Normalerweise schaue ich mir einen Film des Regisseures, Komponisten oder Casts wegen an - oder eben wenn es sich um einen Fortsetzungs- oder Franchise-Film handelt, dessen Vorgänger ich mochte. Im Falle von "Don't Breathe" ist aber tatsächlich vordergründig das Marketing für den Erwerb des Kinotickets verantwortlich, so wurde in den TV-Spots doch ganz selbstsicher ein Jahrhundert-Twist versprochen. Sicherlich wollte man damit auch gewissermaßen einen Hype um den Film auslösen, doch zumindest ein bisschen musste das Versprechen ja auch eingehalten werden. Und obgleich mich einige Details an dem Streifen stören - der so groß propagierte Twist ist schon eine ziemliche Wucht. Ich halte "Don't Breathe" nun nicht gerade für eine Offenbarung und seinen besagten Twist auch nicht für extremst innovativ, doch ist er zweifellos eines der Highlights des bisherigen Kino-Jahrs. Der Film ist ein Paradebeispiel für das Erzählen mit der Kamera und erzählt eine sehr interessante und schockierende Geschichte, die zwar an den üblichen Horror-Klischees leidet, insgesamt aber hervorragend funktioniert und wahrliche unerwartete Wendungen nimmt. Der Streifen arbeitet - trotz seiner Kategorisierung als Horror-Film - eher mit Thriller-Elementen. Er ist weder unnötig blutig noch konsequent darauf aus, den Zuschauer zu erschrecken. Er versucht eher permanent Spannung aufrechtzuerhalten, was ihm auch mit Bravur gelingt. Ich muss gestehen wirklich selten einen Film gesehen zu haben, der es schafft über einen so langen Zeitraum dermaßen spannend zu sein. Spontan würde mir nur David Finchers "Seven" einfallen, der mich tatsächlich ähnlich an den Bildschirm fesselte. Auch schauspielerisch hat der Film überraschend viel zu bieten. Insbesondere Stephen Lang, den man wohl vor allem als den unerträglich Klischee-übersäten Colonel aus James Camerons "Avatar" kennt, spielte seine Rolle mit einer erschreckenden Präsenz. Doch seine Figur ist auch mein größter Kritikpunkt an den Film.
Spoiler:
Der blinde Kriegsveteran ist mir dann doch etwas zu oft zur richtigen Zeit am richtigen Ort.

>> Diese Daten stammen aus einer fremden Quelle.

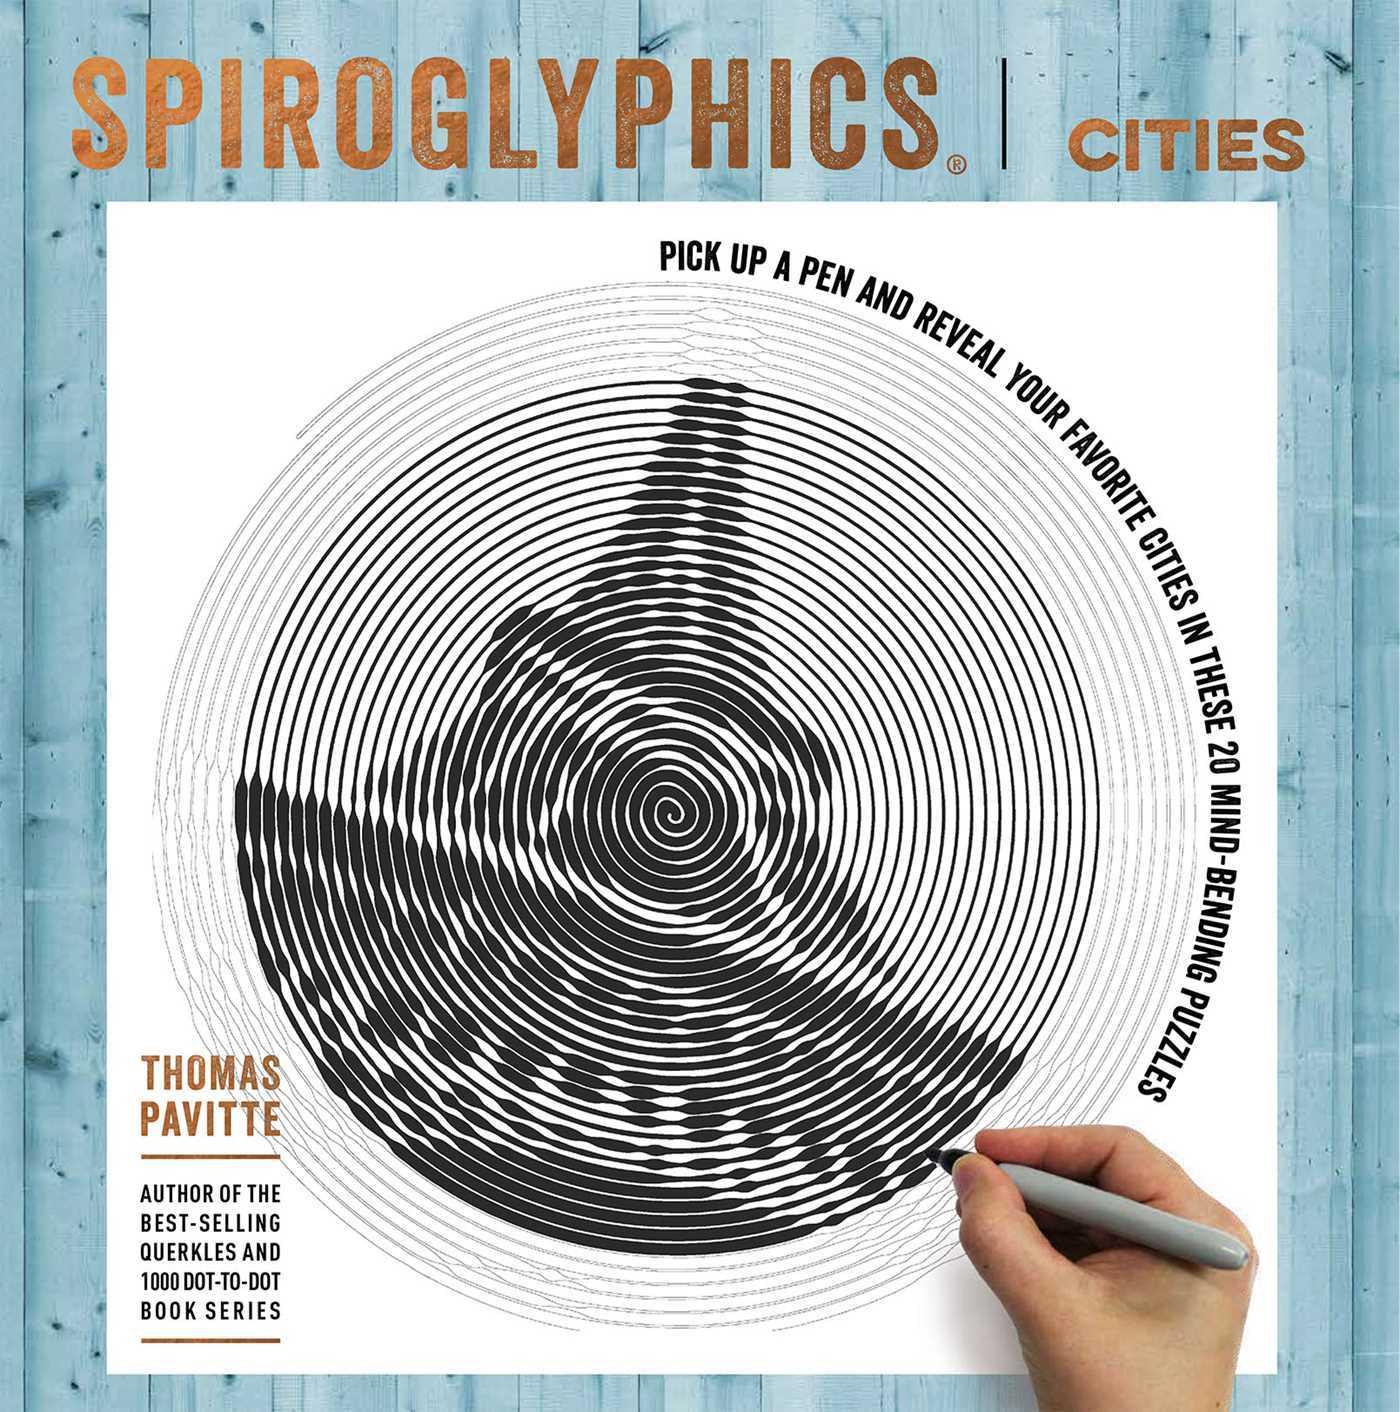 Spiroglyphics: Cities

Seine Sinne sind geschärft, seine Fähigkeiten enorm, doch ist er nun mal nicht Daredevil. Generell stützt sich der Film auf einige bequeme Zufälle, so ist das Magazine der Waffe gerade dann leer, wenn der Blinde sie endlich mal an den Kopf einer der Protagonisten richtet. Auch verfehlt er im entscheidenden Moment die beiden Protagonisten, tötet aber die Frau, die er für die Verwirklichung seines erschreckenden Planes benötigt hätte. Auch der Figur "Money" und seiner Beziehung zu den anderen beiden des anfänglichen Dreiergespanns, merkt man sofort an, dass er einen frühen Tod sterben wird. Er war störendes Beiwerk, das bei der ersten Gelegenheit beseitigt wurde, wodurch man gleich zeigte, wie gefährlich der blinde Kriegsveteran doch ist. Auch störte mich der blutrünstige Hund und seine Einführung in den Film. Während auf der einen Seite mit Hitchcock'scher Suspense gearbeitet wird, und der Zuschauer vor den Protagonisten etwa von einer unter einem Tisch befindlichen Waffe erfährt, wird auf der anderen Seite dieser olle Köter an einer völlig beliebigen Stelle eingeführt, wo er auch gleich für einen schnöden Schock-Moment sorgen soll. Die Einführung des Tieres schreit praktisch danach, dass der Hund nochmal wichtig wird. Warum ihn also nicht auch subtil anteasern? Natürlich brauchte man auch wieder ein weichgespültes Happy End. Sicher, der gute Ausgang für die Hauptfigur gehört zu den Konventionen des Filmemachens dazu und es ist ja nun auch nicht so, dass alle mit einem blauen Auge davongekommen sind, doch fühlte sich das Ganze lieblos drangepappt und unauthentisch an, finde ich.
Insgesamt aber ist "Don't Breathe" in meinen Augen - trotz der Kritikpunkte - ein ganz hervorragender Horrorfilm / Thriller.